• **What to work on**:
What's needed is the listing below, repeated word for word with no pictures.

• **Data block**:
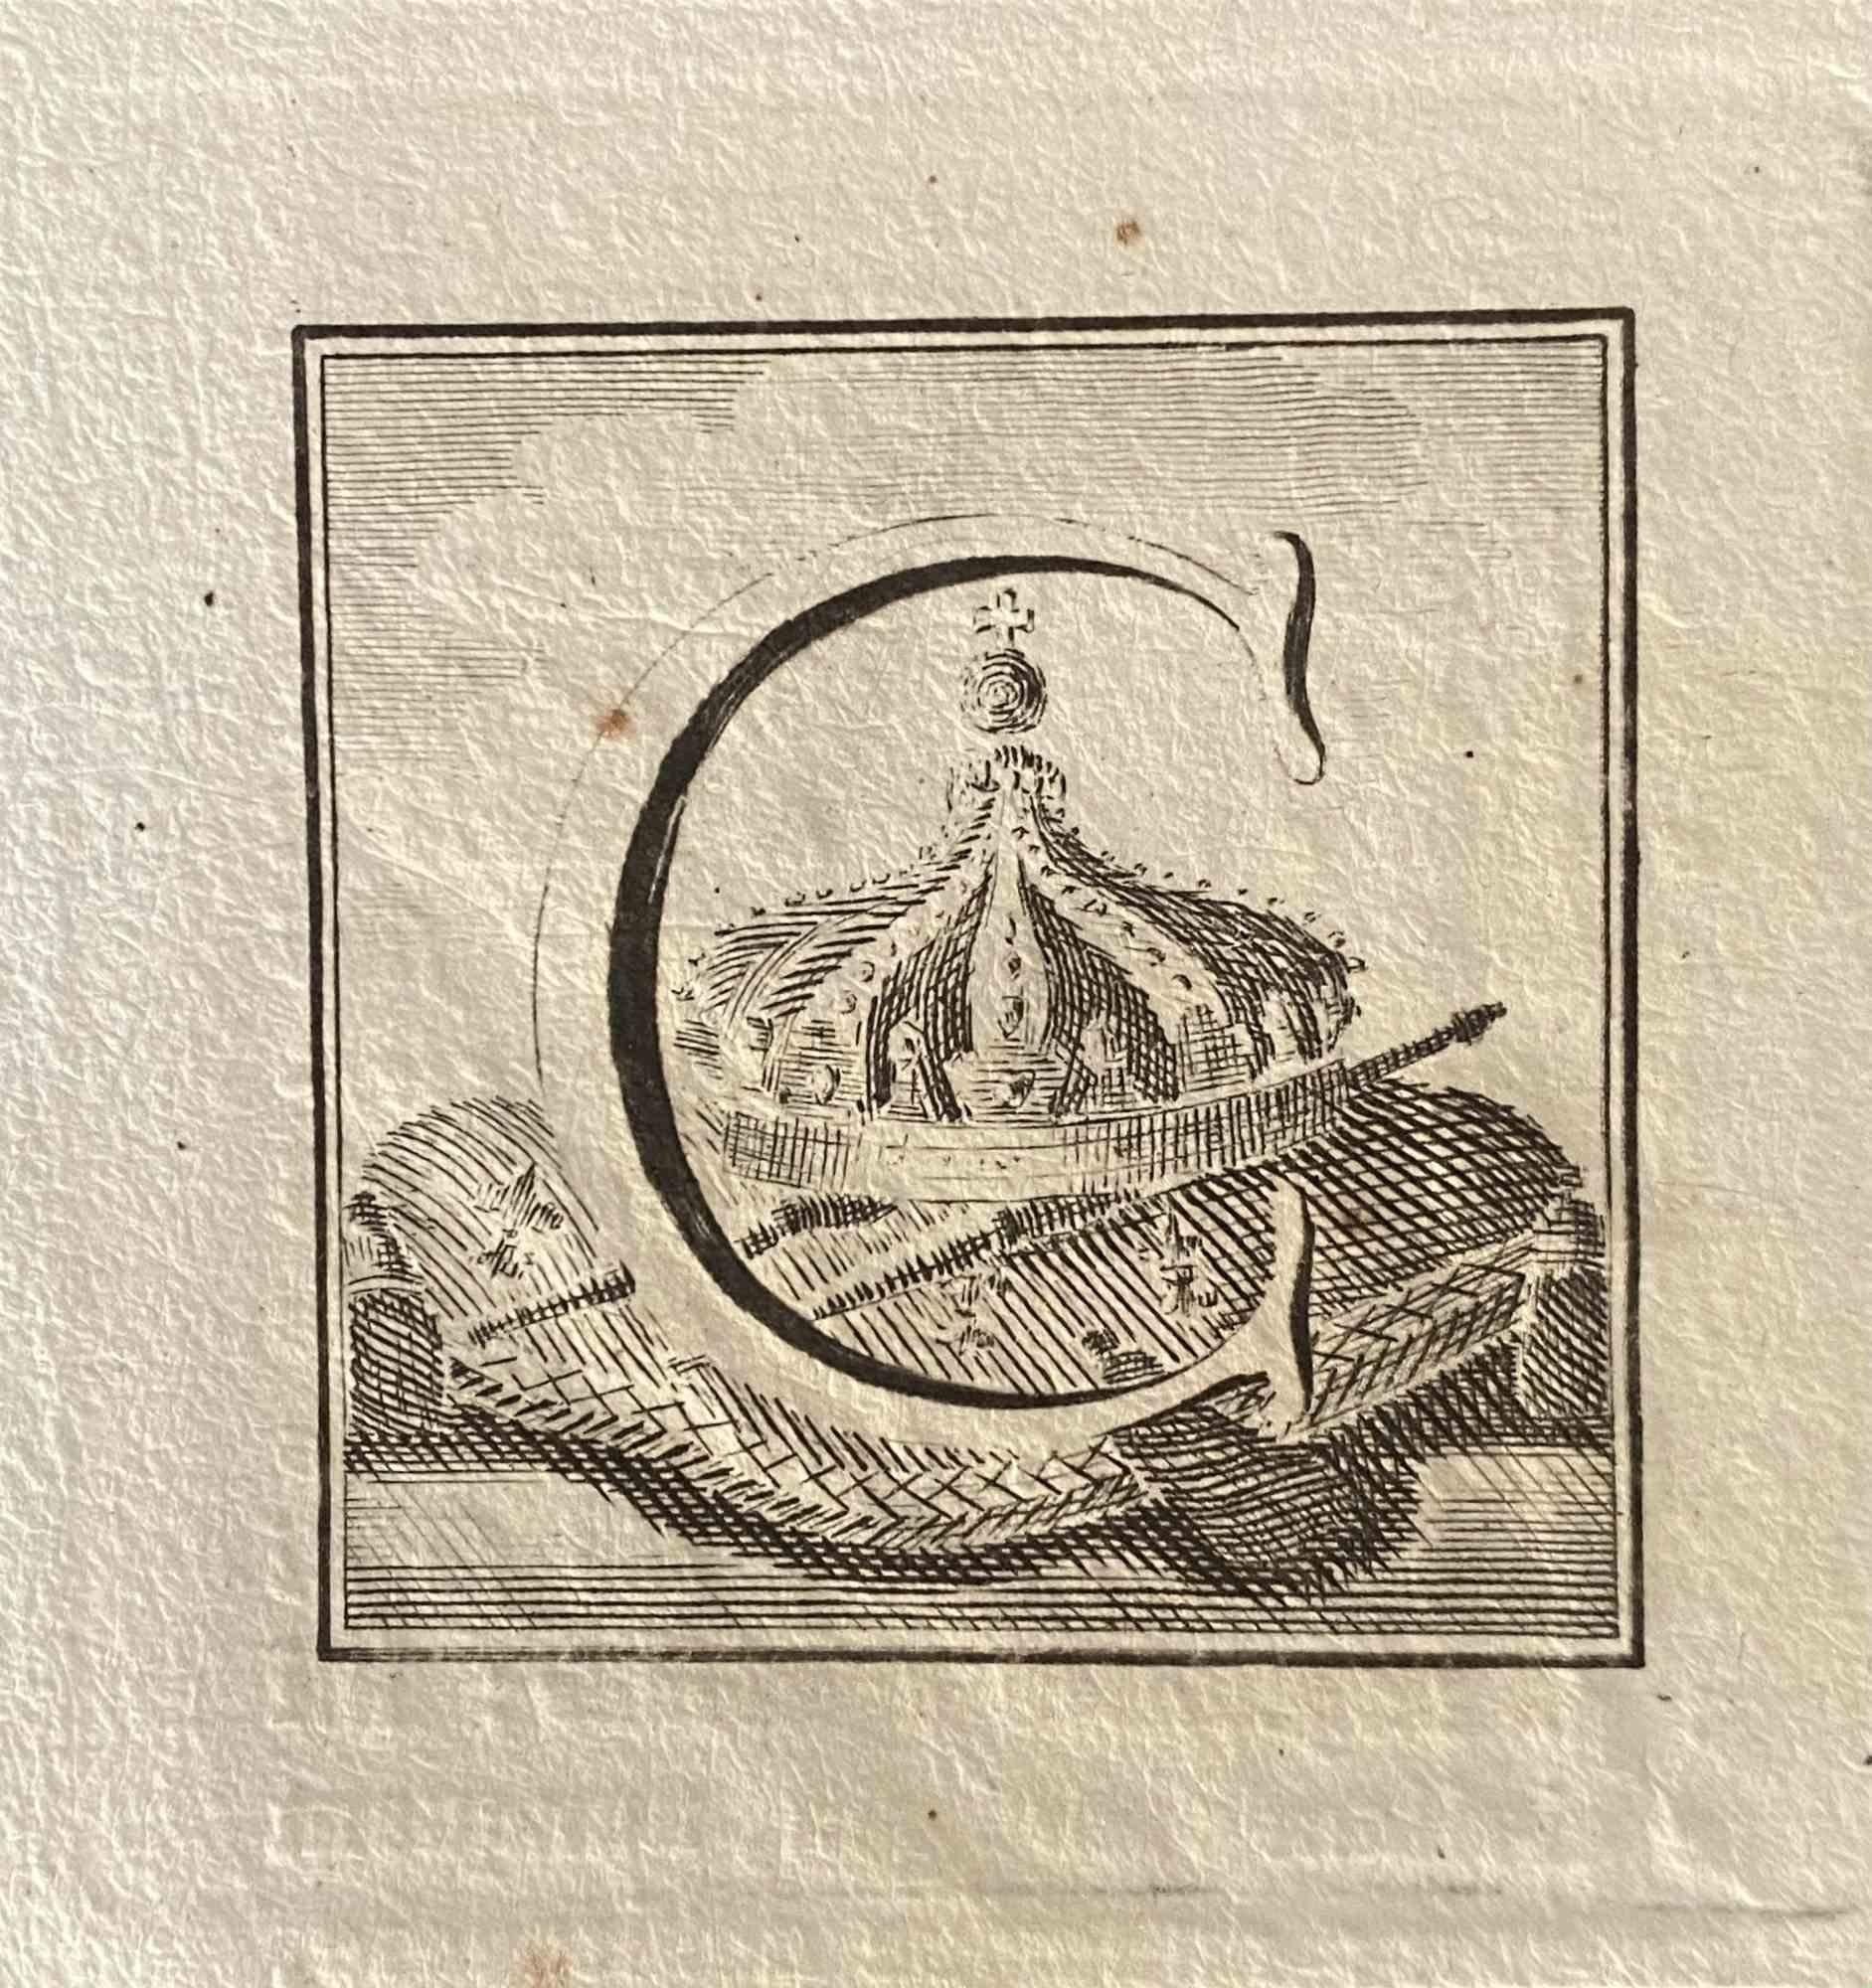 Capital letter for the Antiquities of Herculaneum Exposed, original etching from the end of the 18th century, made by Various Old Masters.

In very good condition, except for some stains along the margins.

In this work the letter that appears in

• **Reply to the task**:
 Capital letter for the Antiquities of Herculaneum Exposed, original etching from the end of the 18th century, made by Various Old Masters.

In very good condition, except for some stains along the margins.

In this work the letter that appears in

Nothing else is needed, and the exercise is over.